Military.com Book Review: *The Last Fighting General*

Michael F. Dilley - Special Warfare Military.com 

The Last Fighting General: The Biography of Robert Tryon Frederick 
By Anne Hicks Atglen, 
Schiffer Military History, 
ISBN: 0-7643-2430-6. 270 pages. $35 US

A biography of Robert T. Frederick is long overdue. Frederick organized and commanded the First Special Service Force in World War II, among other accomplishments. Frederick, a lard-driving, inspirational leader, commanded from the front. His life should be celebrated in U.S. Army leadership courses, but it isn’t. This is due, in part, to a general unfamiliarity with Frederick, his accomplishments and his leadership philosophy. 

Frederick was born in San Francisco in 1907. When he was 14 years old, he lied about his age to join a cavalry unit in the California National Guard. He graduated from the U.S. Military Academy in 1928 and was commissioned in the Coast Artillery Branch. 

Between the world wars, most Americans questioned the need for a standing Army. Those years were grim ones for professional Soldiers, including Frederick. In those years, he served in several Coast Artillery units and was even assigned to the Civilian Conservation Corps in the West Coast area. 

In the spring of 1942, Frederick evaluated a British proposal, known as Project Plough, which advocated training troops to be sent to Norway who would use specialized equipment, including a motorized snow sled. Frederick recommended against U.S. involvement in the project. When the U.S. and England agreed to go forward with the project, Frederick was selected, in typical Army logic, to raise, train and command the unit. This was the birth of the *First Special Service Force, a joint U.S.-Canadian unit* composed of three battalions, which was based at Fort William Henry Harrison, in Helena, Mont. Training for the force included techniques of parachute operations, snow and mountain operations (with emphasis on nighttime execution) and a new method of land-to-hand fighting known as the O1NeUl System.
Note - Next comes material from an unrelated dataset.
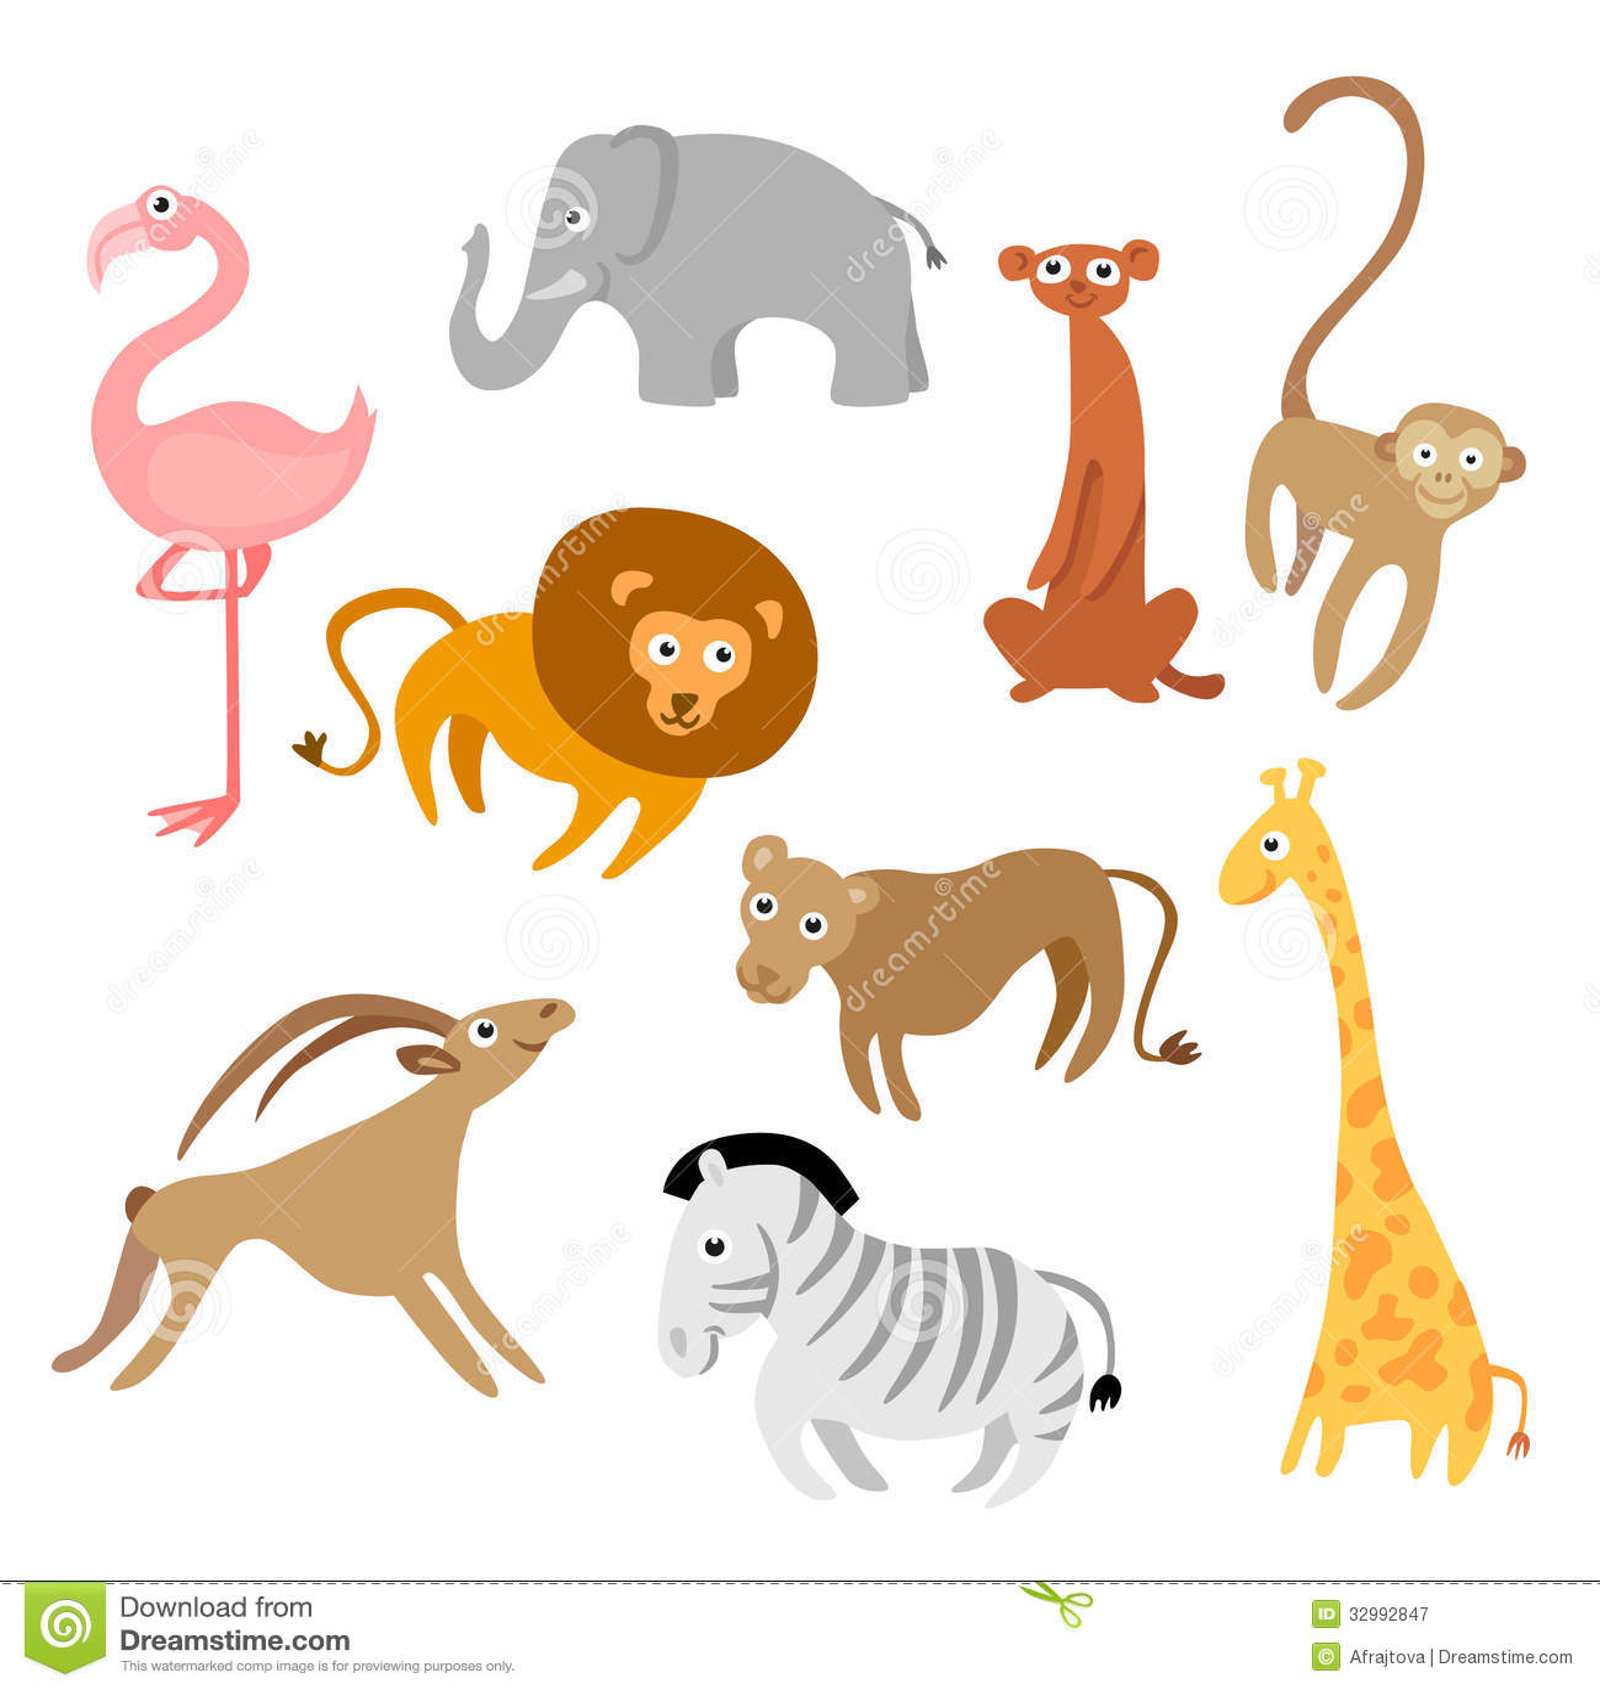 cartoon animals stock vector illustration of elephant 32992847

Eventually, the plan to use the snow sled in combat was dropped; however, the force continued to train for combat. 

The force's first combat action was in August 1943 during the invasion of Kiska, Alaska. The plan was for one battalion of the force to drop by parachute, while the other two were to land by amphibious assault. The operational command level cancelled the parachute drop when it learned that the Japanese had left Kiska prior to the planned assault. The force gained its first victory under fire in Italy when it took Monte Ia Difensa. The men of the force climbed this almost sheer obstacle in one night in a cold rainstorm and then assaulted the German forces on top at dawn, sweeping them from the area. La Difensa had been an obstacle in the Fifth Army's march to Rome. Frederick continued to command the force through the amphibious assault at Anzio and led his unit (and Fifth Army) into Rome June 4, 1944. 
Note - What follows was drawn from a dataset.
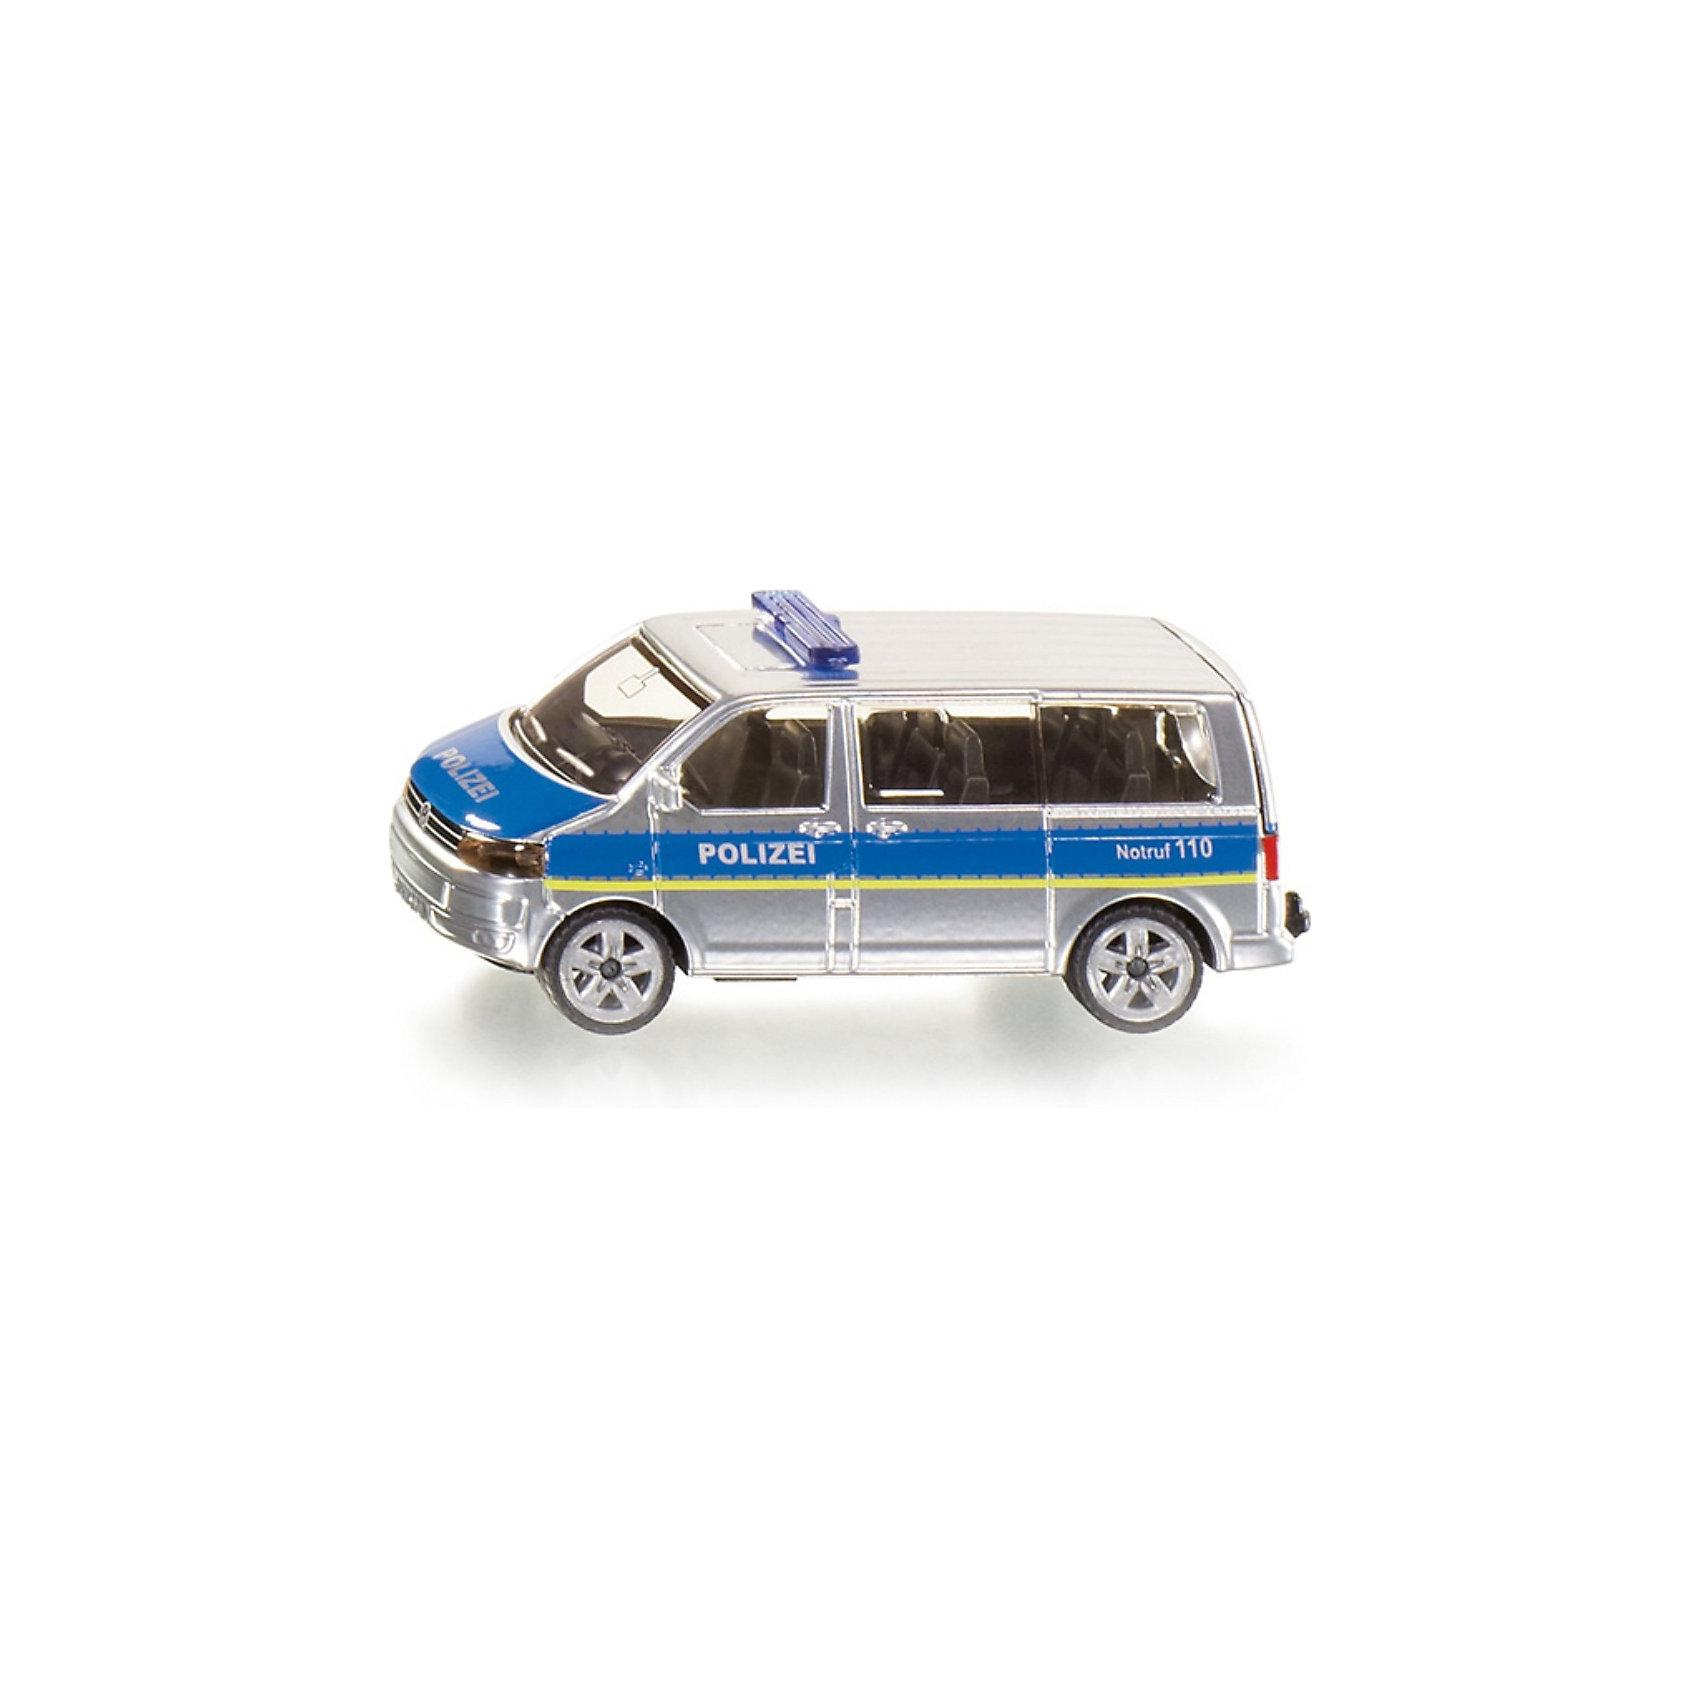 SIKU 1350 Полицейский микроавтобус

Following the liberation of Rome, Frederick was promoted (to brigadier general) to organize and command the First Airborne Task Force as part of the invasion of Southern France in August 1944. When this invasion was successful, Frederick was promoted again (to major general) to become commander of the 45th Infantry Division, a position he held until war's end. No unit that Frederick commanded ever gave up ground it had taken in combat - a remarkable achievement. Frederick eventually retired from the Army in 1952, following assignments to the Military Government Group in Vienna, Austria; the U.S. Advisory Group in Greece; and as commander of Fort Ord, Calif. 
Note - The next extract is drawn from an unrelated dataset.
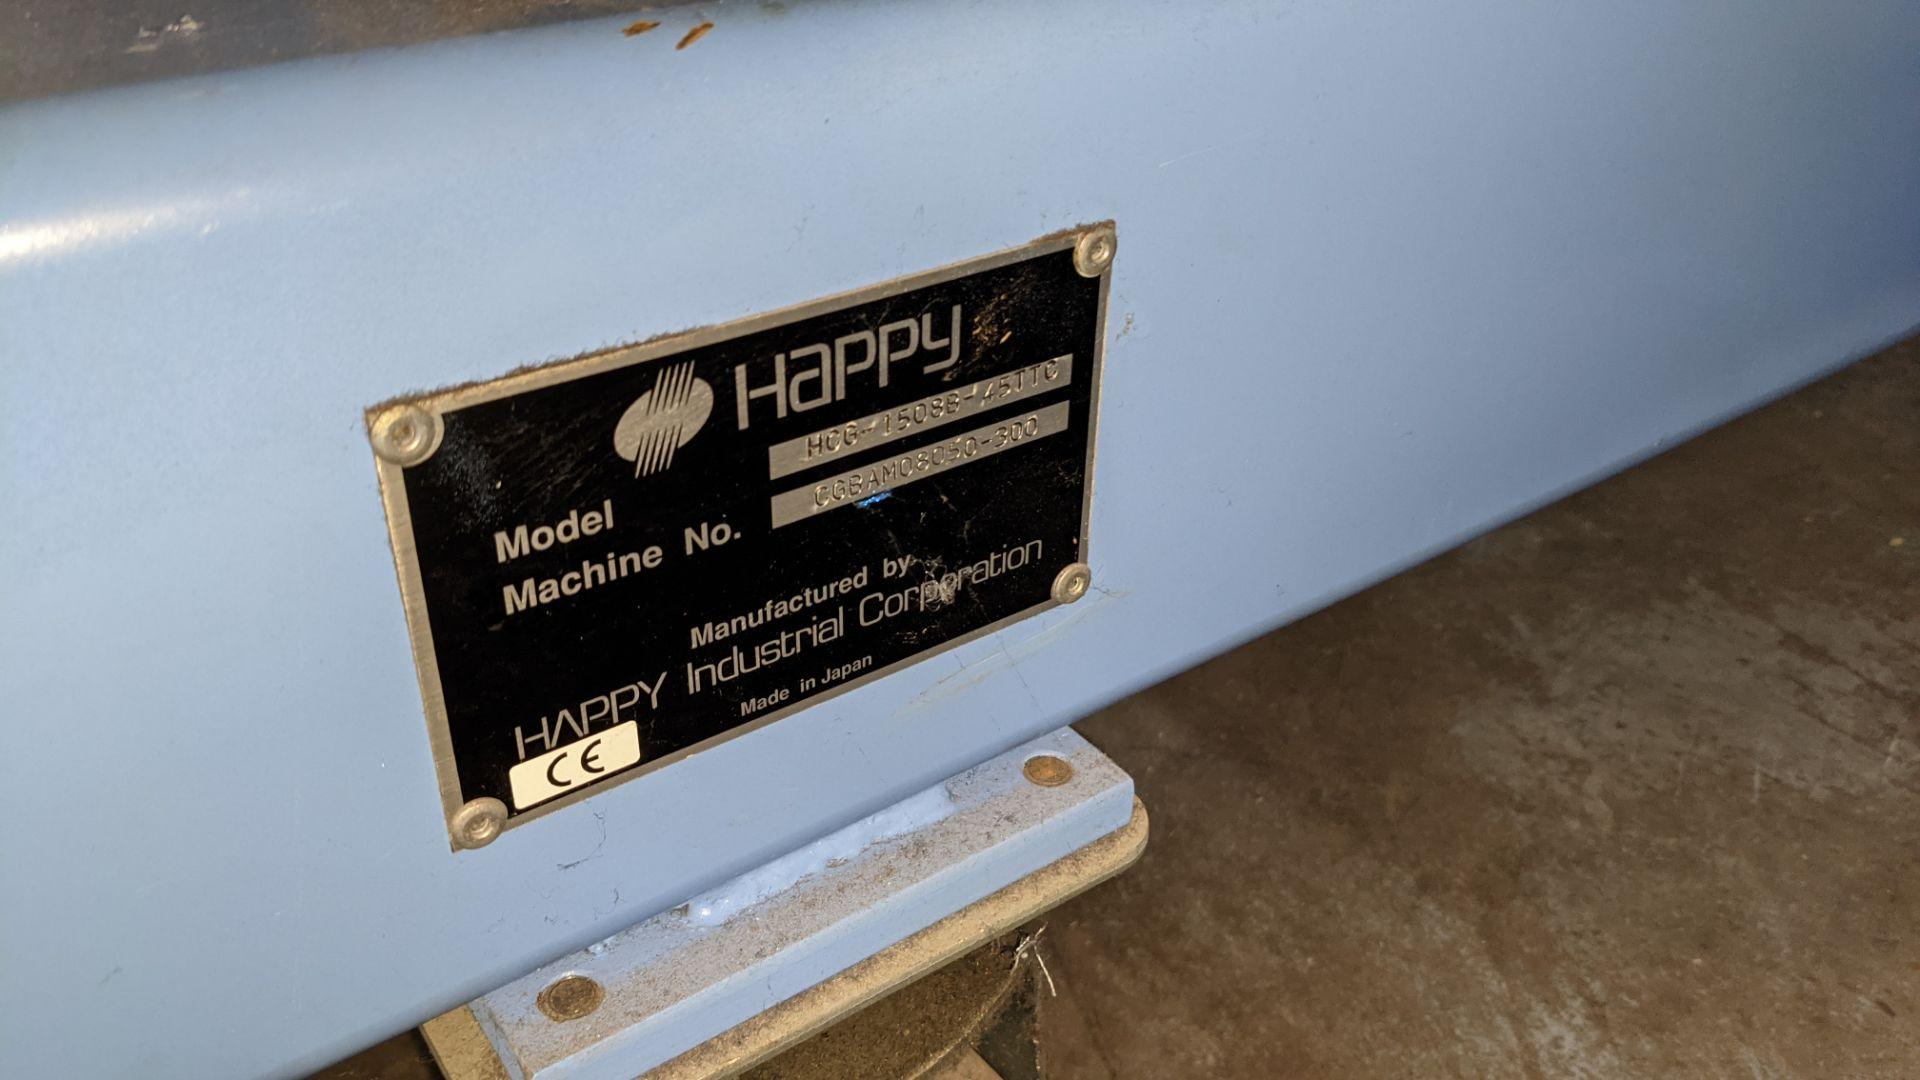 Happy 8 head embroidery machine, model HCG-1508B-45TTC, 15 needles per head, including frames & othe - Image 21 of 32

Frederick was a very visible leader in all of his assignments with troops. Many of his former subordinates tell stories of fighting their way to a position, only to find Frederick waiting for them. Frederick had little time for leaders whom he believed were interested only in self-promotion (he counted George Patton and Mark Clark among these). His main interests were the two basic prongs of leadership: accomplish the mission and take care of the troops. 

This book tells the story of Frederick in a fairly straightforward way. However, it is a difficult book to read. Hicks has an awkward style of writing that includes long, wandering introductory phrases to sentences that are confusing enough anyway. There were more than several words missing from sentences throughout the book. At least one major fact is wrong (Truman's opponent in the 1948 election was Thomas E. Dewey, not John Dewey). Schiffer usually produces better books, and this one could be better with more careful editing. One other failing that should be mentioned is that not any of Frederick's speeches or papers on leadership have been included or summarized. These are worthy of mention because they had a major impact on those who heard or read his philosophy or served under him. 

Despite the difficulty you will encounter in reading this book, I recommend it. Frederick set an example that is a benchmark in military leadership, one that all military leaders should strive to emulate.
----


----------



## Danjanou (12 Feb 2009)

must add to my wish list


----------